Paul Mathews  from nethram.com: This was no ordinary conference or workshop. We got the taste at the end of the first day, when Kunal (Freecharge) and Sharad (iSPIRT) did not mince words, and told us that we have to call each off other’s ‘BullShit.’ The mood shifted from then on. Becoming a category leader is not easy; you need an unfair advantage; need to take a panga (fight) with a leader; and need to stay focused on an action plan for 10x growth. This was no ‘feel-good’ seminar. Calling this a BootCamp is an understatement.

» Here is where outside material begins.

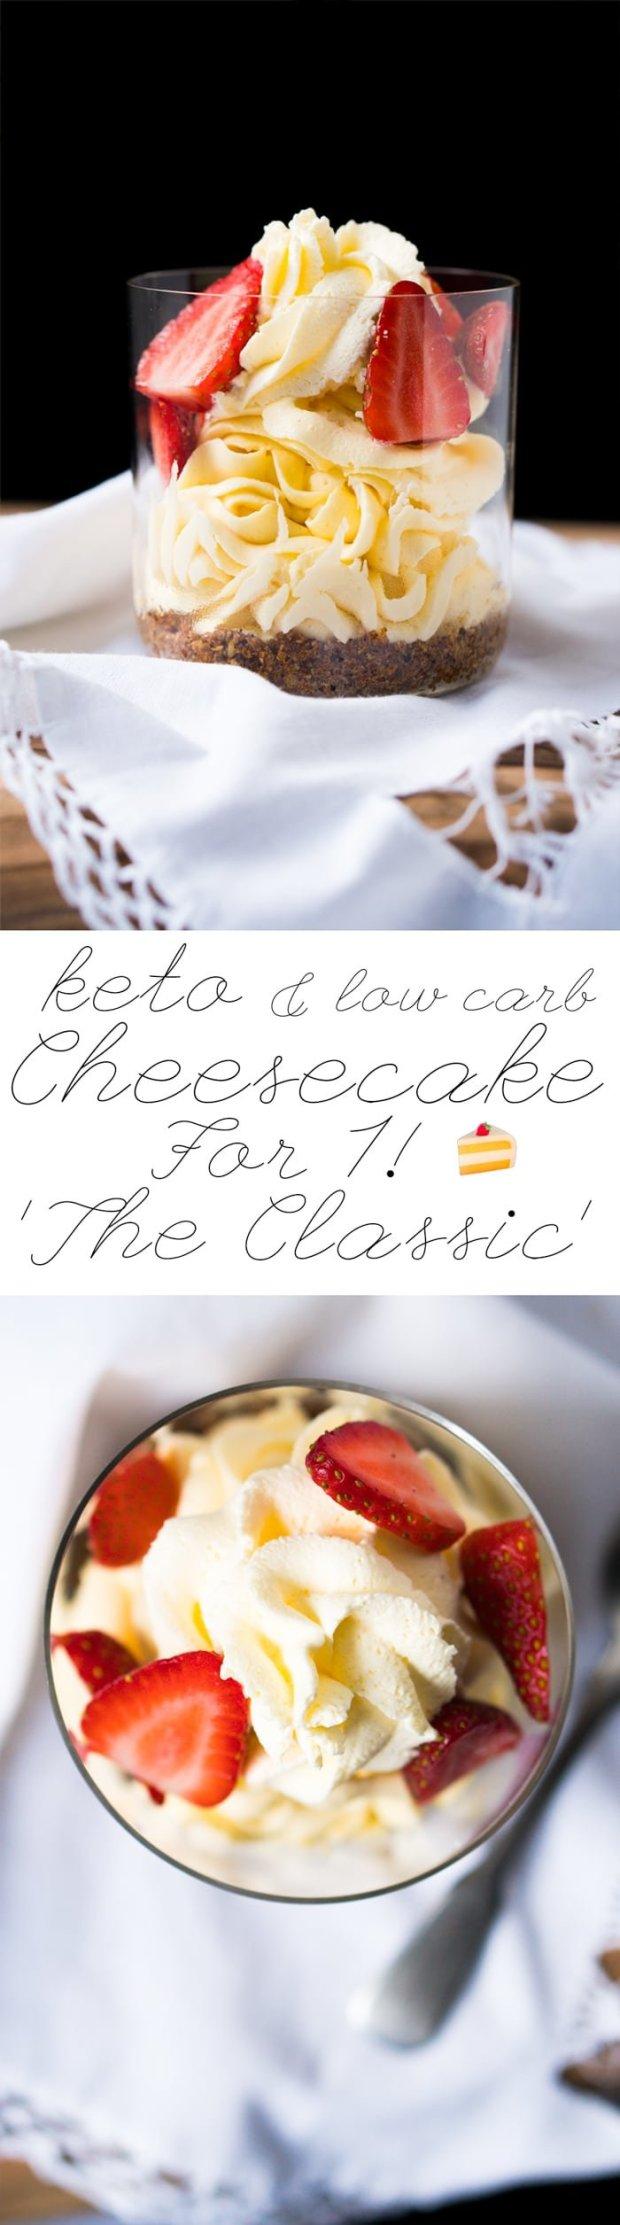 No-Bake Keto Cheesecake For 1! 🍰The Classic #ketocheesecake #lowcarbcheesecake

Jaineel Aga from Planet Superheroes: 3 days of a turbo charged environment, where entrepreneurs from all walks of life had only one thing on their mind – Displace the incumbent, take the “panga” and not settle for mediocrity. With solid frameworks backed by academic research by professors of Entrepreneurship from Duke and Stanford, and corroborated by real life learnings from arguably the best in the business, this program and experience over three days would outshine most “entrepreneurship” programs in business schools.  After 3 days, I have been left with a razor sharp vision for our business, solid framework and metrics to track and lastly, the one that I value most – a  network of 200+ entrepreneurs and industry mentors whose support, feedback and bonhomie will be the necessary fresh air while traversing the circuitous and lonely journey to the top.

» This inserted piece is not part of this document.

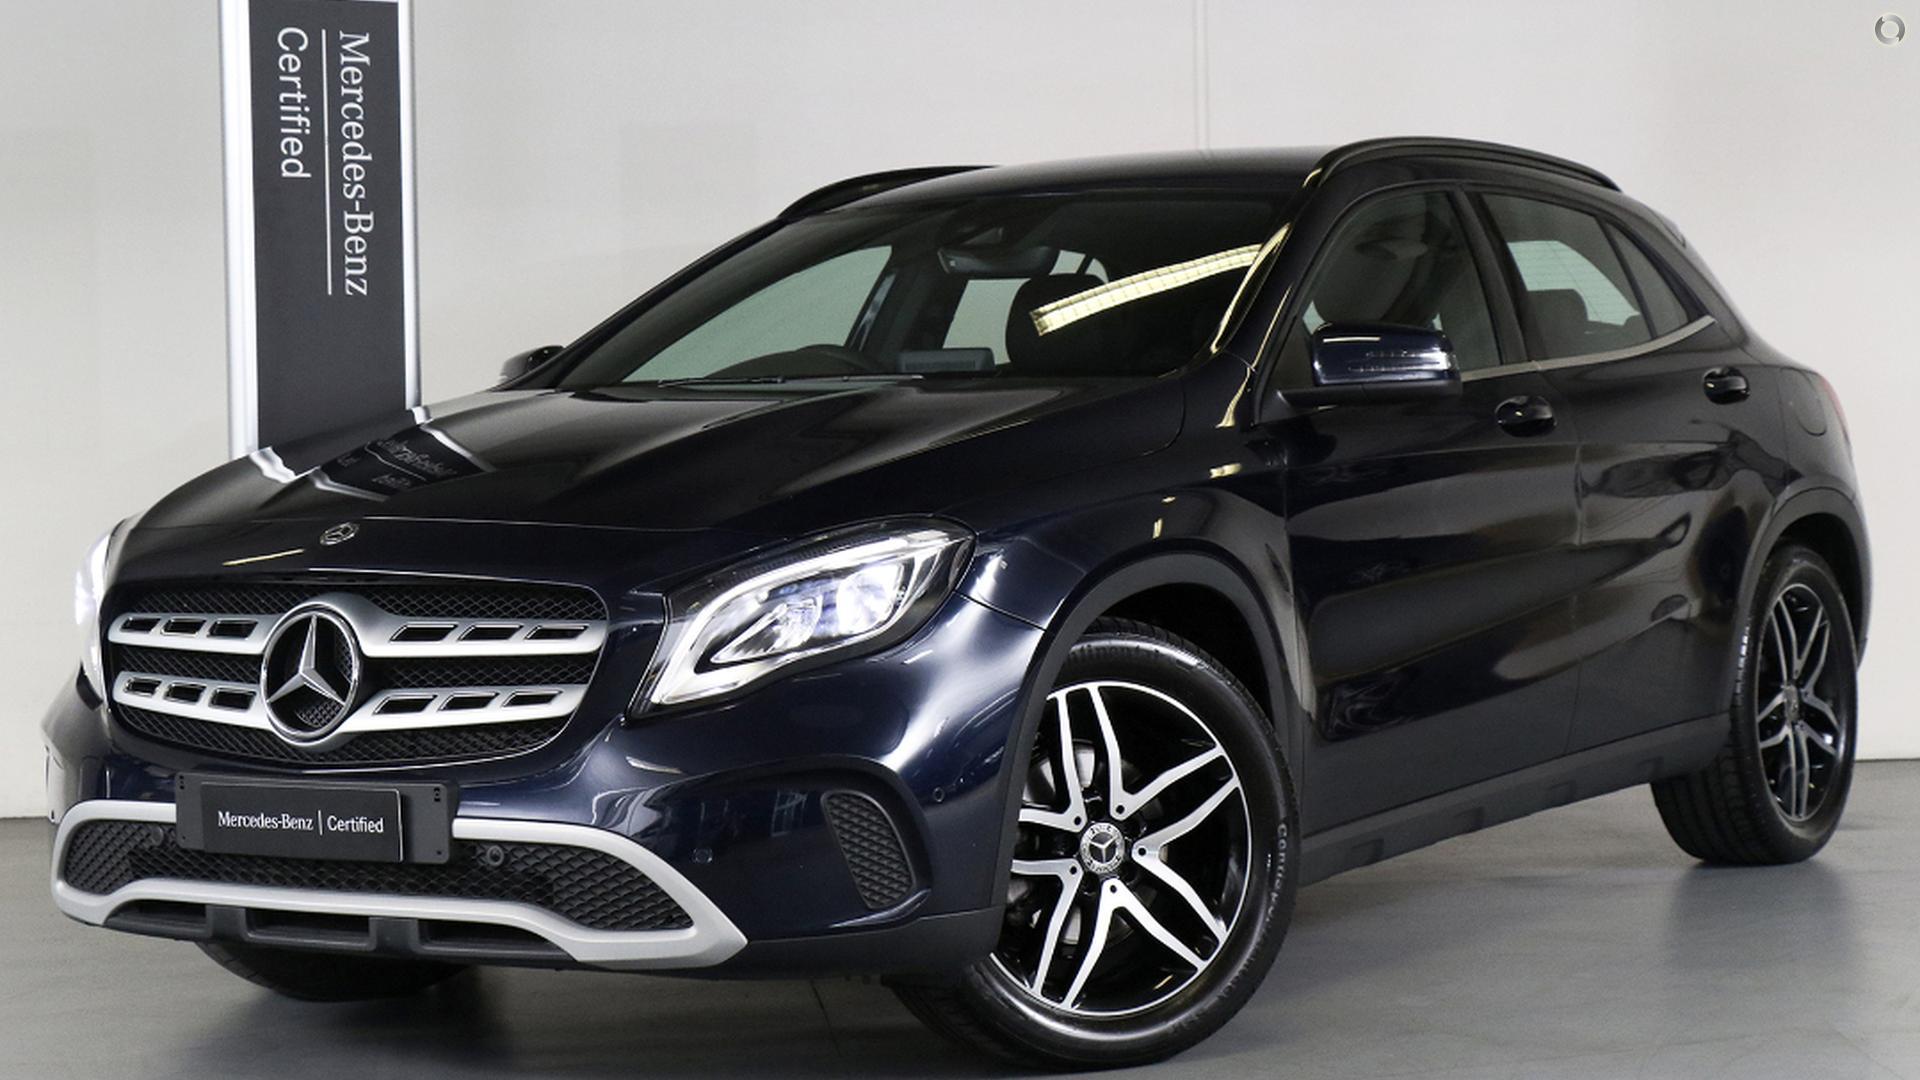 Mercedes benz newcastle nsw

Osho Sidhant from craftemporio.com: We get so busy doing things that we forget to check if we are doing things which will bear fruits. In the life of an entrepreneur, it is critically important to do only the right things because resources are limited and every wrong step potentially takes you behind in terms of time. PNgrowth was an event which has trained our minds to run in the right direction. For the three days at the bootcamp, we were compelled to rethink our strategies and what it will take to be a category leader. The talks of seasoned entrepreneurs like Phani, Kunal, Aneesh, Pallav further let us know the highs and lows of entrepreneurship, and to keep our minds and hearts at peace.

Ravi Datanwala from AppICE.io: The best investment for any founder aspiring to be a category leader and taking a #panga with the incumbents. Knowledge sharing by those who have been there and done that and how they did it – was very insightful and helped me make the necessary corrections in our planning and execution. It helped train our mind on how we should be razor-focused on the short term goals to get to the next innings, whilst building the right long term goals for our success. Do #epicshit and learn to say NO. The best way to say thanks to all the organizers and program mentors would be to put the learnings into action and show them how you are on the path to becoming a category leader and being a part of the Product Nation.

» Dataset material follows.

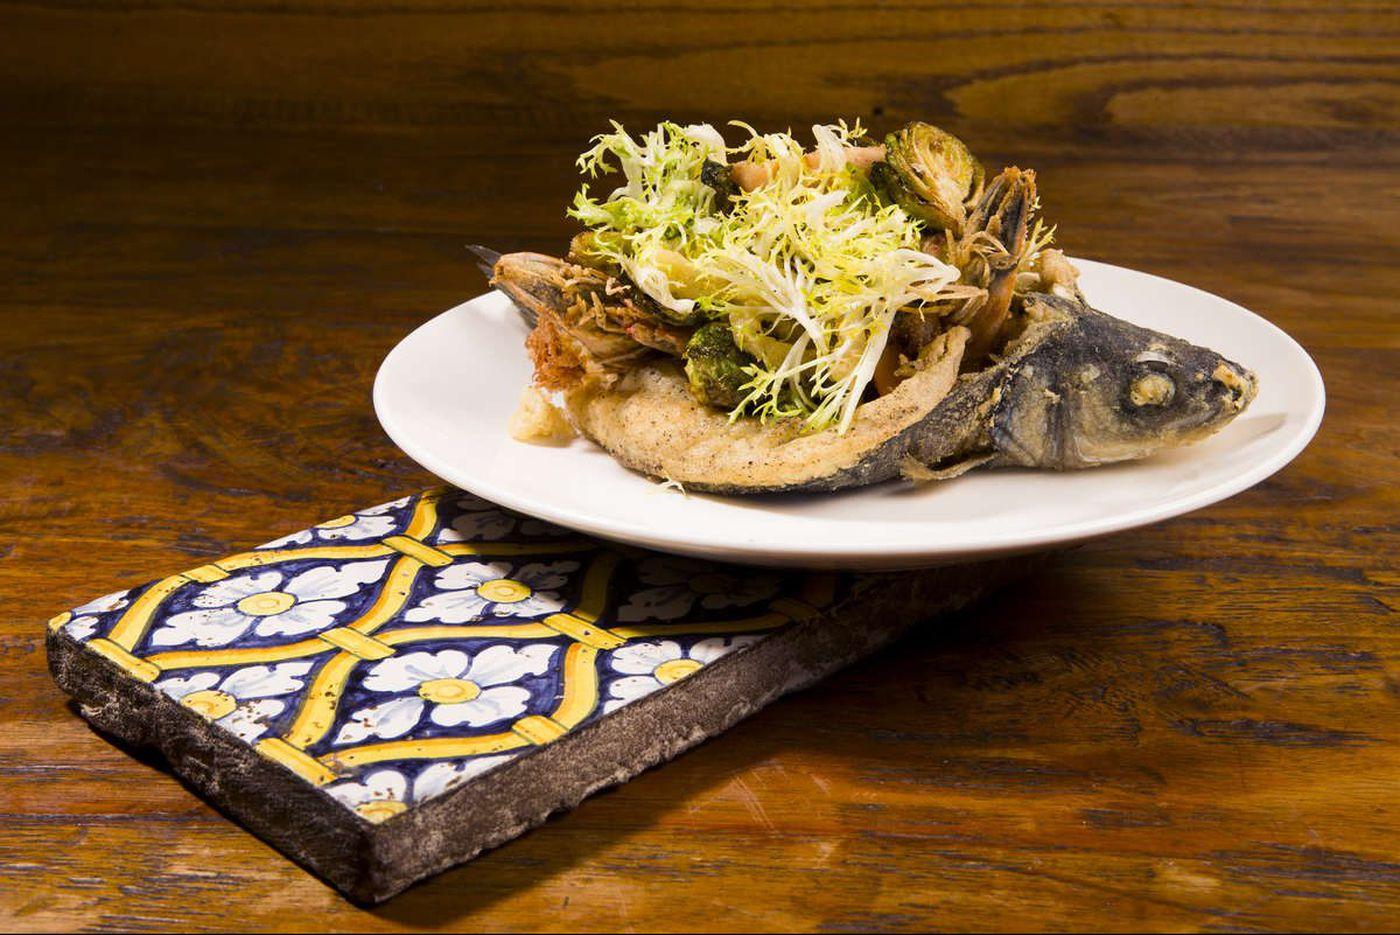 Italian favorites on East Passyunk Avenue reboot with new chefs

Ajay Chanam from halfsteprock.com: PNgrowth will prove a game changer for not only the companies that participated and benefitted through its extensive learning program, but also for India as a whole in terms of our ability to produce the next wave of innovative companies. While PNgrowth evidently seeks to help the first 200 startups, it also lays precedent for ‘Paying it Forward’ and companies will do it happily having experienced its power – first hand. The conventional mindsets are at the cusp of being torn apart, paving way for a transparent entrepreneurial eco-system and while companies will continue competing with each other, the new ecosystem will empower the better company to win and make the playing field more equitable for the Davids of the world (against the Goliaths of the world). It was one such experience for me – an experience of a lifetime, absolutely. I will never be the same, Half Step Rock will never be the same, and the  world will never be the same going forward.  So, get your gear, set the stage, check the sound. There are Rock Stars from every part of India who are now only waiting to be found!

Sarang Lakare from InTouchApp.com: Someone rightly said, if you want to make a great dish, you need to mix the right contents in the right amounts. PNGrowth was one such great dish, a delicacy if I may call it that, perfected by some of the most experienced Chefs from Stanford, Duke, and the Indian product ecosystem. When you give such a dish to 200 startup founders, you are bound to get healthy product startups out of it! One day, we all hope to make these Chefs proud for what they created for us.